Dra. Carla P. da Silva e Prado

Advertisement

As doenças cardiovasculares são a principal causa de morte no mundo, sendo a doença isquêmica miocárdica a mais prevalente. Muito tem se avançado no conhecimento sobre os fatores de risco para o desenvolvimento da aterosclerose. Dados da coorte de Framingham, desde a década de 40, nos auxiliam na prática clínica. Intervenção sobre os fatores de risco clássicos, como hipertensão, dislipidemia, tabagismo, sedentarismo, má alimentação, obesidade, diabetes, abuso da ingesta alcoólica, nos ajudam na prevenção primária e secundária dos indivíduos.

A discussão sobre a importância da religiosidade e a espiritualidade (R/E), como fatores de risco independentes e como poderiam ressignificar o manejo clínico de pacientes com doença já estabelecida, também não é novidade. A medicina se modernizou e entende a necessidade do cuidado global e integral dos indivíduos, incluindo aspectos da R/E. A Sociedade Brasileira de Cardiologia (SBC), em 2019, na atualização da diretriz de prevenção cardiovascular, dedicou um capítulo inteiro a essa discussão, corroborada em 2021 pelo Departamento de Hipertensão da SBC.

O conceito de R/E é complexo, utilizaremos aqui, a definição do Grupo de Estudos em Espiritualidade e Medicina Cardiovascular (GEMCA) da SBC, que define: “espiritualidade como o conjunto de valores morais, mentais e emocionais norteadores de pensamentos, comportamentos e atitudes nas circunstâncias da vida e no relacionamento intra e interpessoal”. A espiritualidade tem inter-relação com a capacidade de termos compaixão, conexão, propósito na vida, e é independe de práticas religiosas estruturadas.

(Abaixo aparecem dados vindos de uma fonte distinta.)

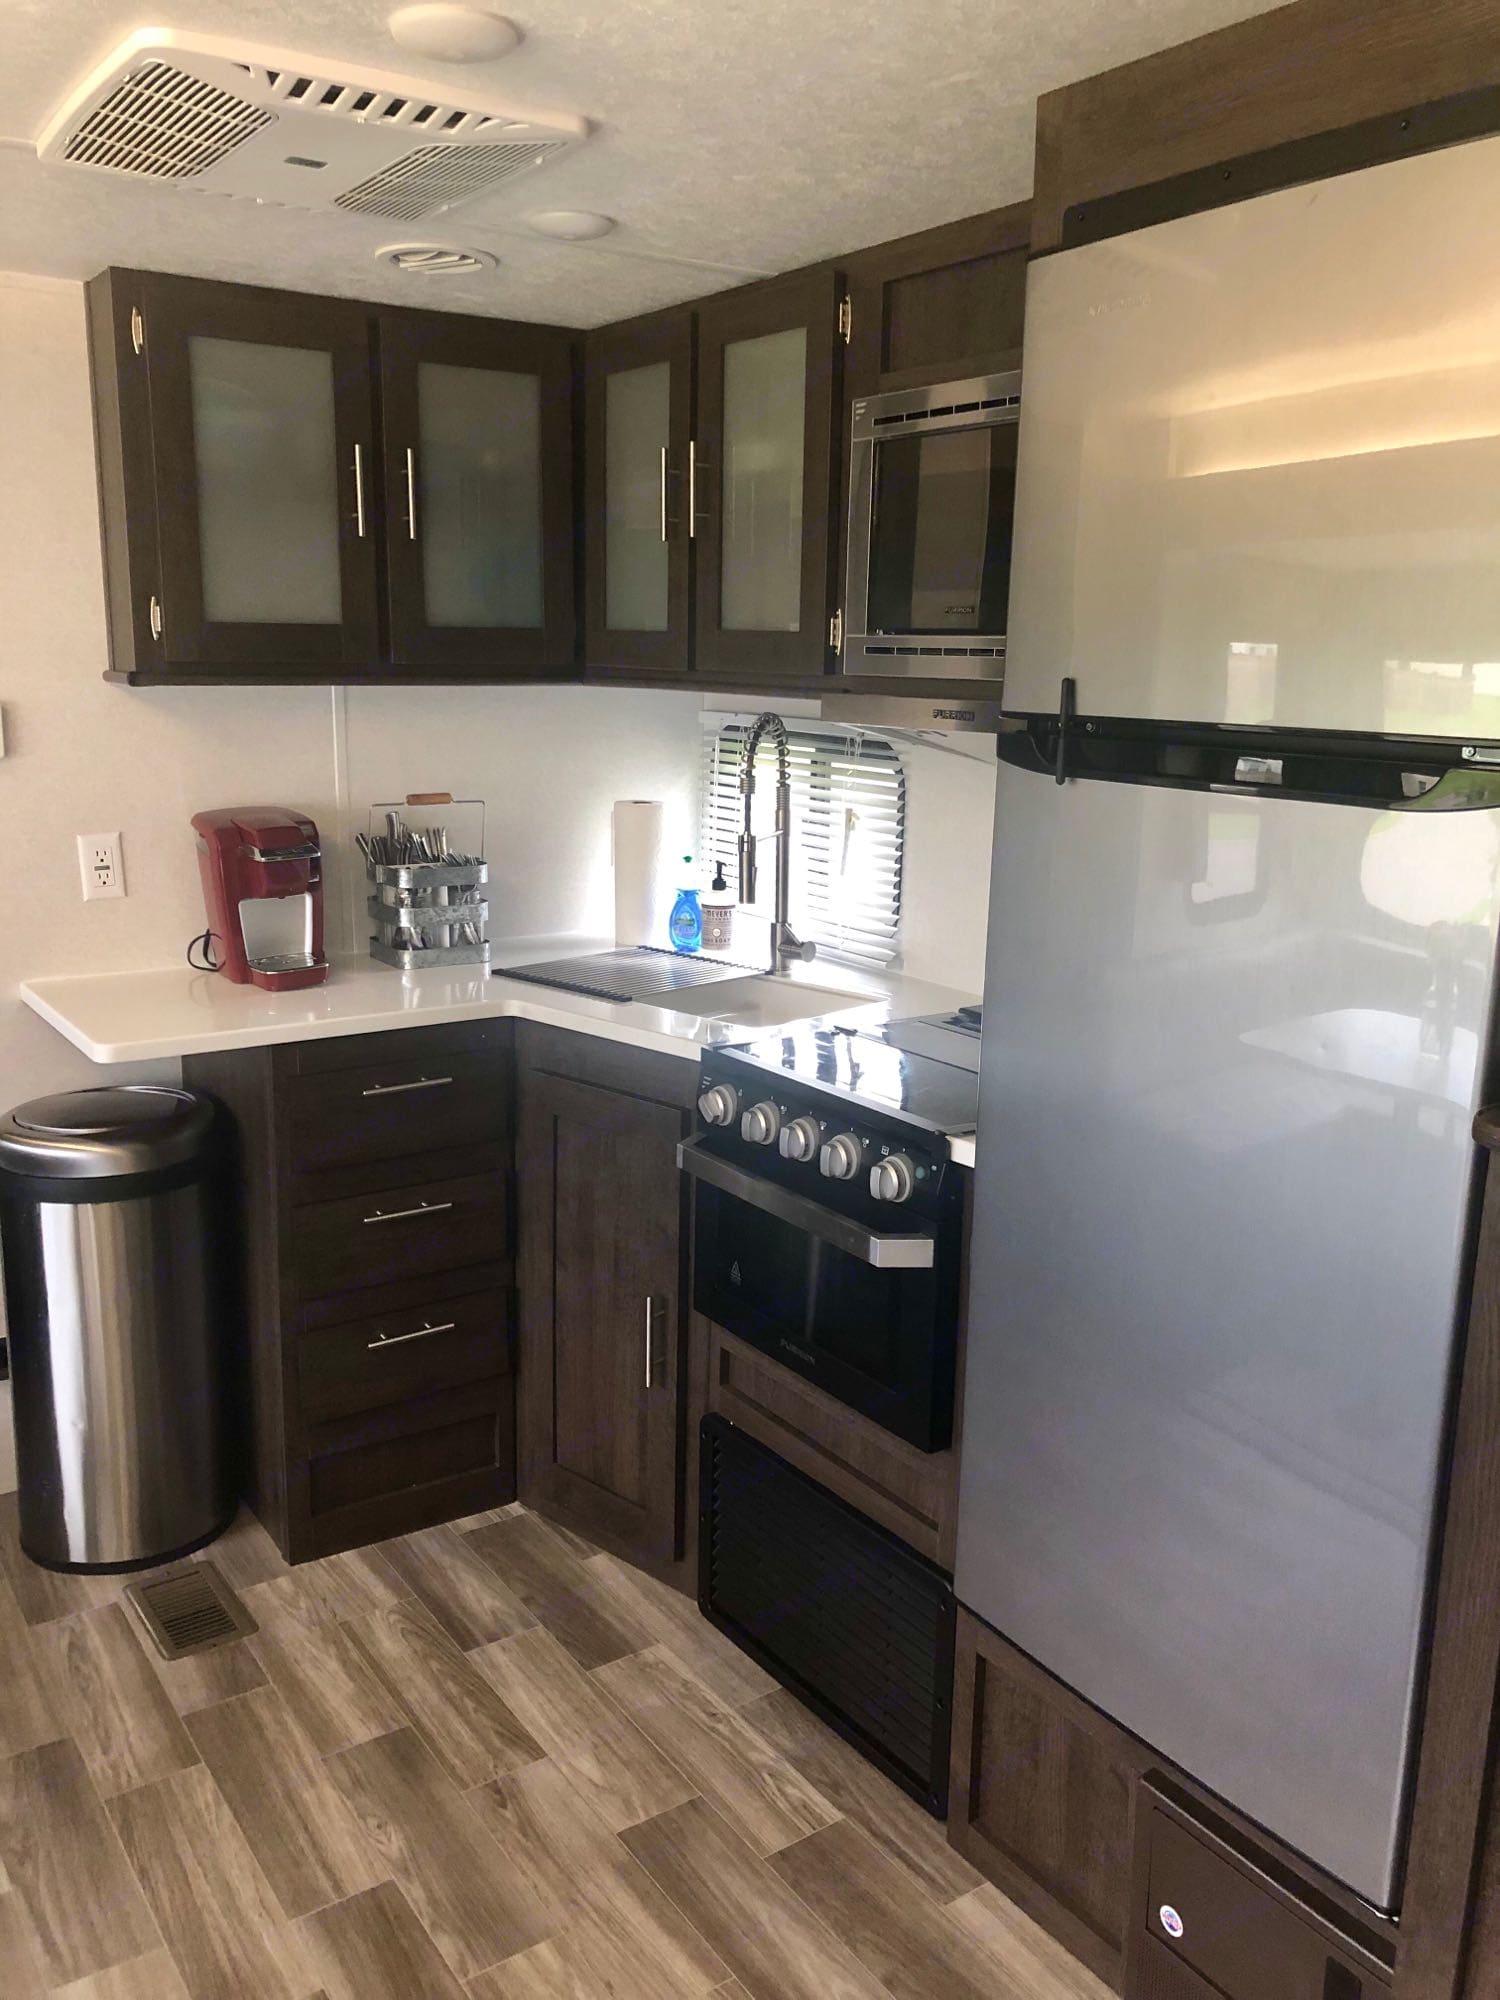 Kitchen (microwave, stove, oven, spacious fridge & freezer, single-cup Keurig coffee maker). Forest River Salem 2020

Harold G. Koenig, em 1998, definiu religião como: “um sistema organizado de crenças, práticas e símbolos destinados a facilitar a proximidade com o transcendente ou o Divino e fomentar a compreensão do relacionamento e das responsabilidades de uma pessoa com os outros indivíduos, que vivem em comunidade”. Religiosidade é o quanto o indivíduo acredita e vivencia as práticas religiosas.

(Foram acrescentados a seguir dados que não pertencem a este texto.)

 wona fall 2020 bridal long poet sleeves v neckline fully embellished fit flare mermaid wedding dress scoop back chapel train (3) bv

A diretriz da SBC sugere que R/E seja abordada em todo atendimento médico. Em situações de urgência ou emergência, devemos avaliar o momento oportuno desta avaliação. Os profissionais médicos devem ser treinados nessa prática.

Estudos evidenciam que pacientes com alto nível de resiliência, esperança, pensamentos positivos (atitudes consideradas espiritualizadas), e aqueles com crença religiosa em um ser supremo bondoso, não punitivo, têm menor prevalência de fatores de risco cardiovasculares, desenvolvem menos eventos clínicos cardíacos maiores, apresentam melhor evolução clínica após um insulto cardiovascular agudo e menor incidência de complicações no pós-operatório de cirurgias cardíacas. Indivíduos que expressam R/E positivas são mais aderentes às recomendações do planejamento terapêutico nas cardiopatias crônicas.

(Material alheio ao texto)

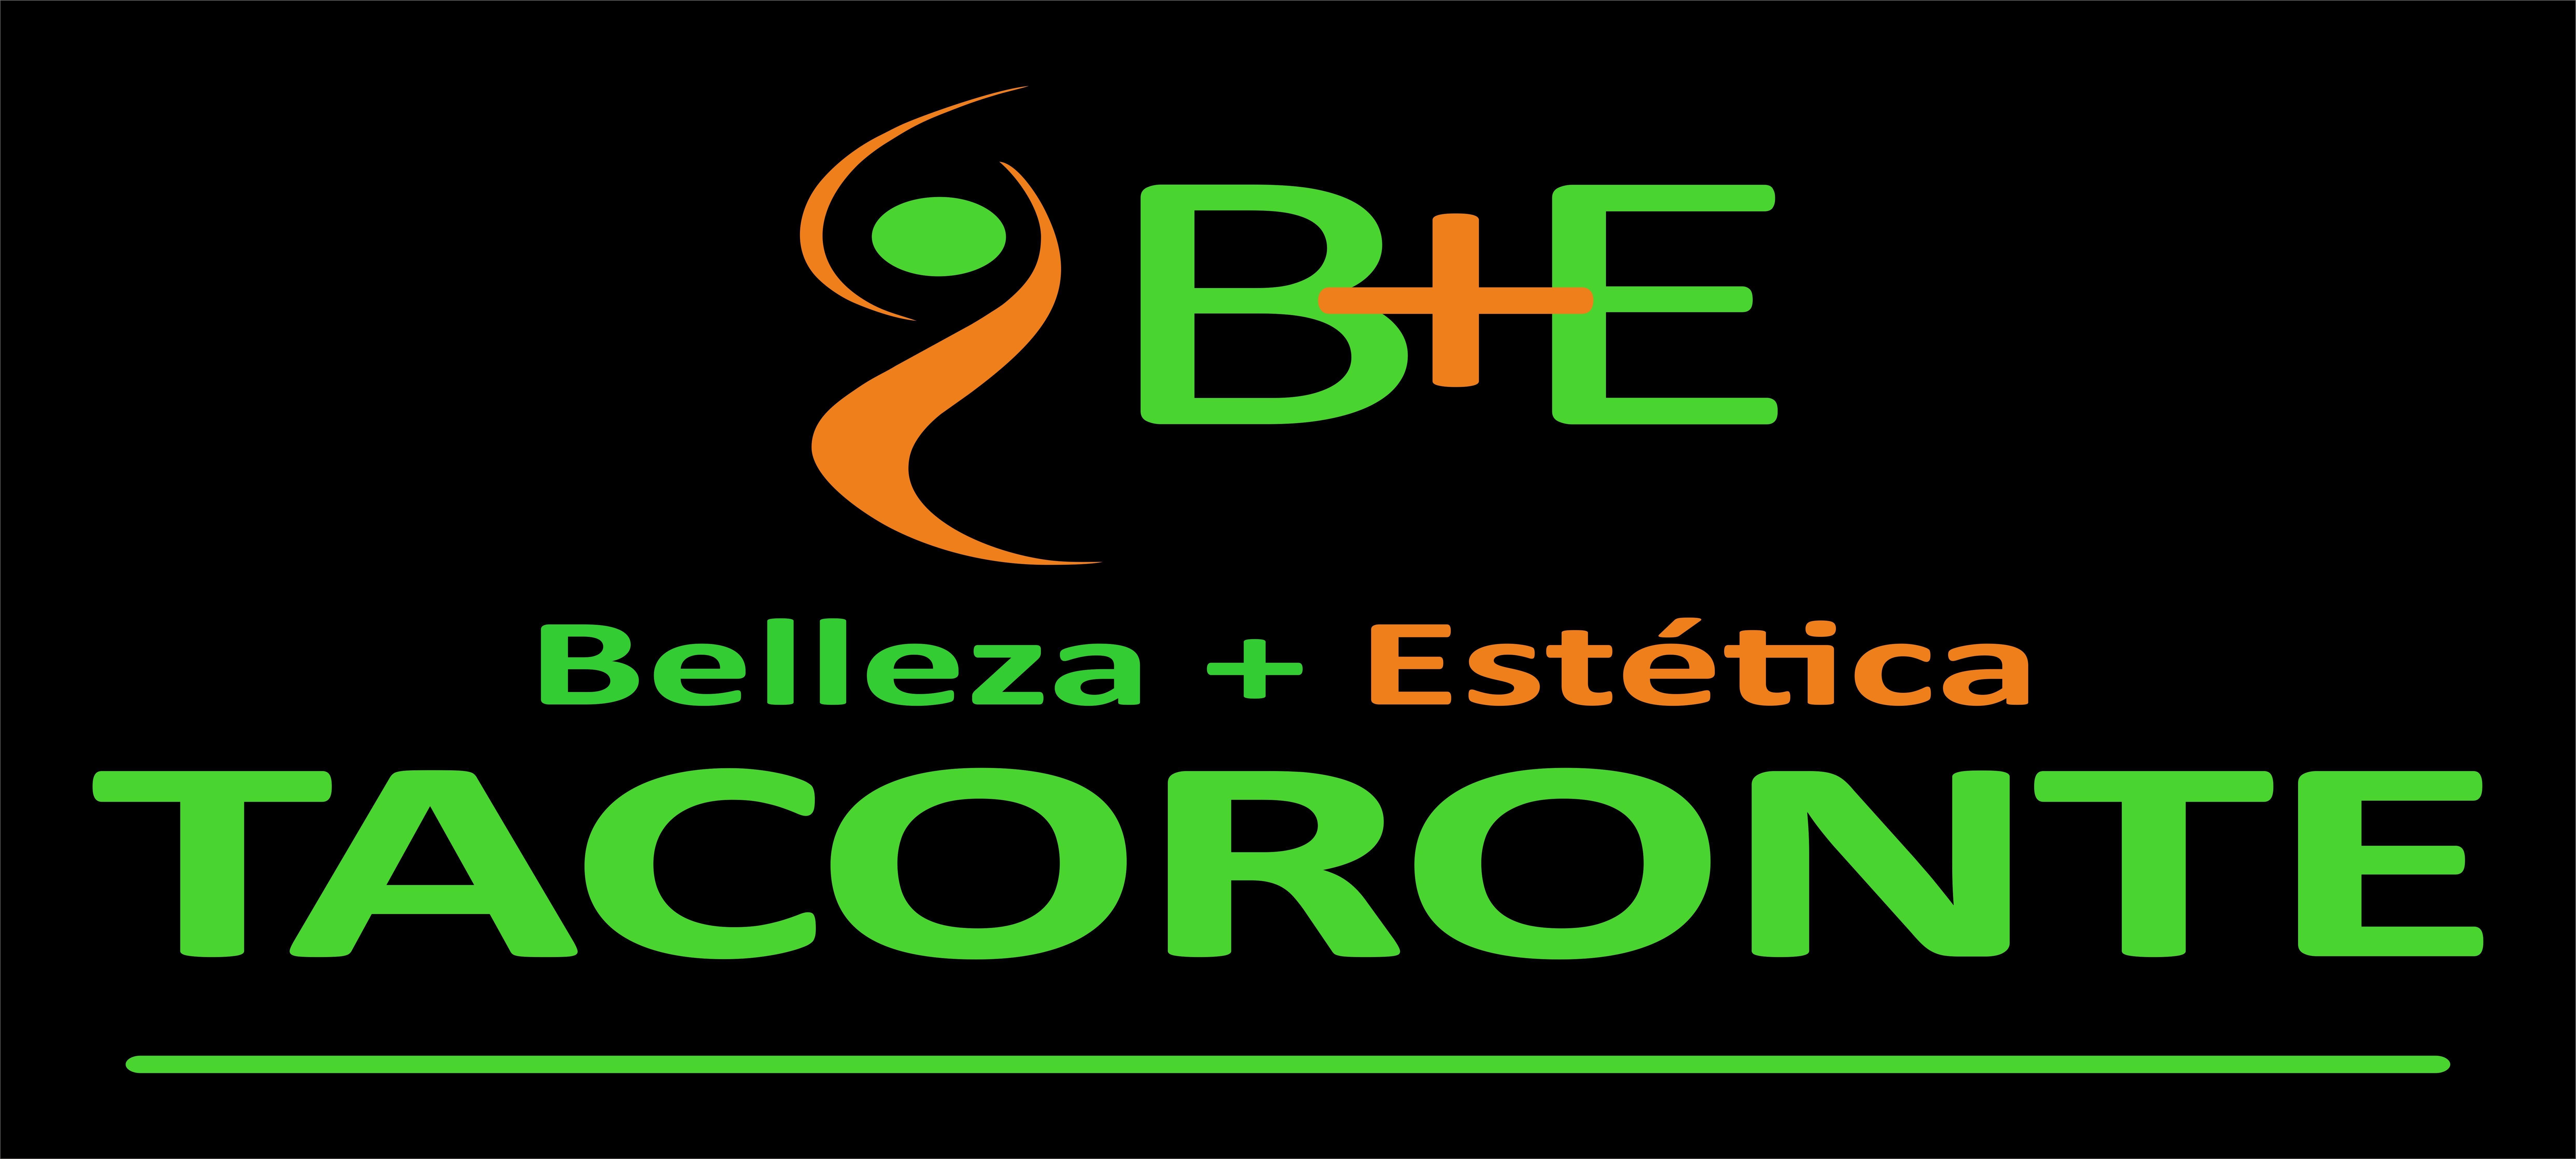 Foto 10 de Belleza en Tacoronte | Belleza+Estética Tacoronte

Lucchese & Koenig, em 2013, compilaram estudos, que demonstraram uma associação inversa, entre a prática (R/E) e a presença de fatores de risco cardiovasculares. A associação inversa foi de 90% para o hábito tabágico, 86% para o consumo abusivo de álcool e drogas e de 68% para o sedentarismo.

Estudos de McCord, em 2004, e Kristeller, em 2005, demonstraram que pacientes desejariam que seus médicos abordassem aspectos sobre R/E, em 86% e 79%, respectivamente. Tal atitude elevaria o grau de empatia e teria impacto sobre as escolhas terapêuticas.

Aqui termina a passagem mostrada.